Investors Shouldn't Ignore NFP This Week


FullertonMarkets Representative

This Friday’s payroll data could be the ugliest one in decades, short USD/JPY?

April’s employment report, to be released this Friday, will almost certainly show that the coronavirus pandemic inflicted the largest one-month blow to the US labour market on record.

We forecast the new report will show that unemployment rose to 12% in April and that employers shed 22 million nonfarm payroll jobs—the equivalent of eliminating every job created in the past decade. The job losses would produce the highest unemployment rate since records began in 1948, eclipsing the 10.8% rate touched in late 1982 at the end of the double-dip recession early in President Reagan’s first term. The monthly number of job losses would be the biggest in records dating back to 1939—far steeper than the 1.96 million jobs eliminated in September 1945, at the end of World War II.

Combined with the rise in unemployment and the loss of jobs in March, the new figures will underscore the labour market’s sharp reversal since February, when jobless rate was at a half-century low of 3.5% and the country notched a record 113 straight months of job creation.

Even so, the count of job cuts and the unemployment rate will appear less dire than implied by the recent surge in people seeking unemployment benefits because of the different ways the figures are tallied. Taken together, the figures paint a grim picture of job losses since the pandemic prompted widespread closures of businesses to curb the spread of infection.

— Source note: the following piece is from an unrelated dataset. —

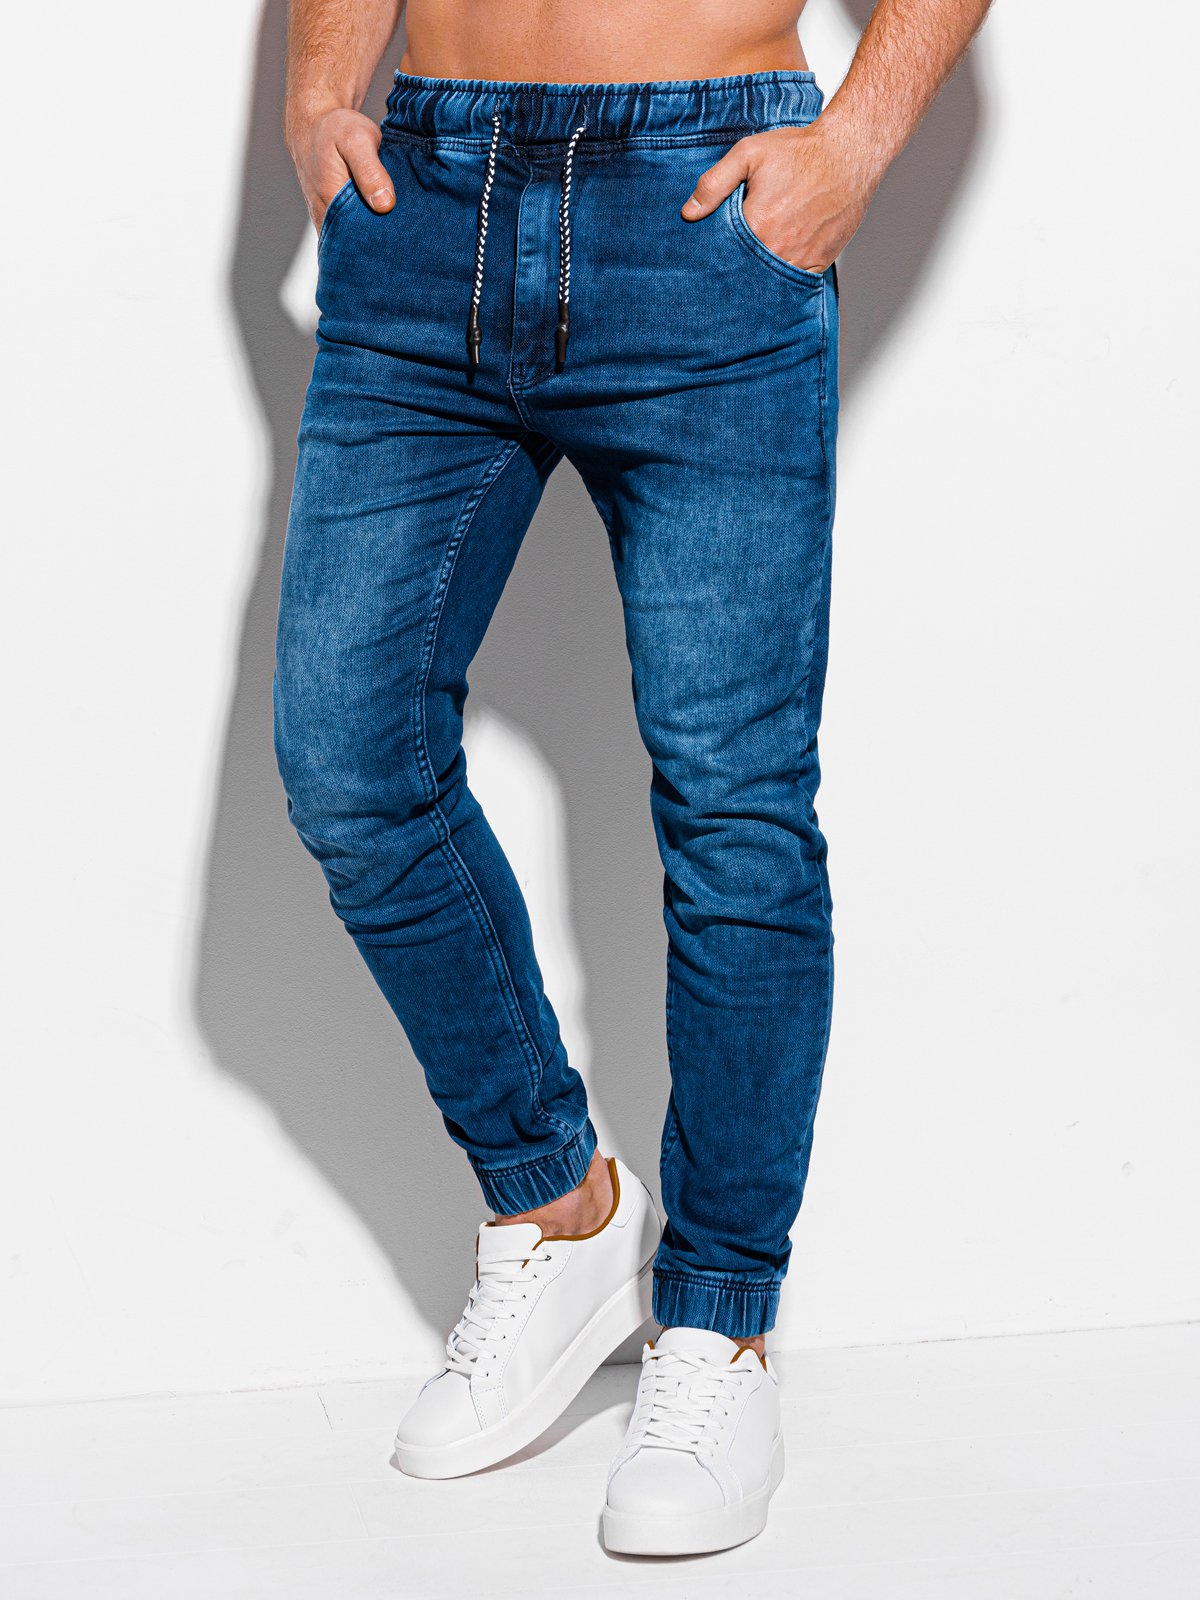 Men's jeans joggers P868 - dark blue | MODONE wholesale - Clothing For Men

The picture looks worse through the lens of new claims for unemployment benefits—a proxy for layoffs. Workers filed 26.5 million claims for unemployment benefits from March 15 through April 18—the weeks covered by the April jobs report. This is equivalent to 16% of the US labour force seeking aid, suggesting an unemployment rate above 20%.

The measures come from different sources and methodologies. The claim figures reflect the number of people submitting applications through their state labour agencies each week. Those figures may still undercount the total because of processing backlogs in some swamped systems. The Labour Department’s estimates of the unemployment rate and payroll job numbers are based on surveys on the calendar week or pay period including the 12th of the month.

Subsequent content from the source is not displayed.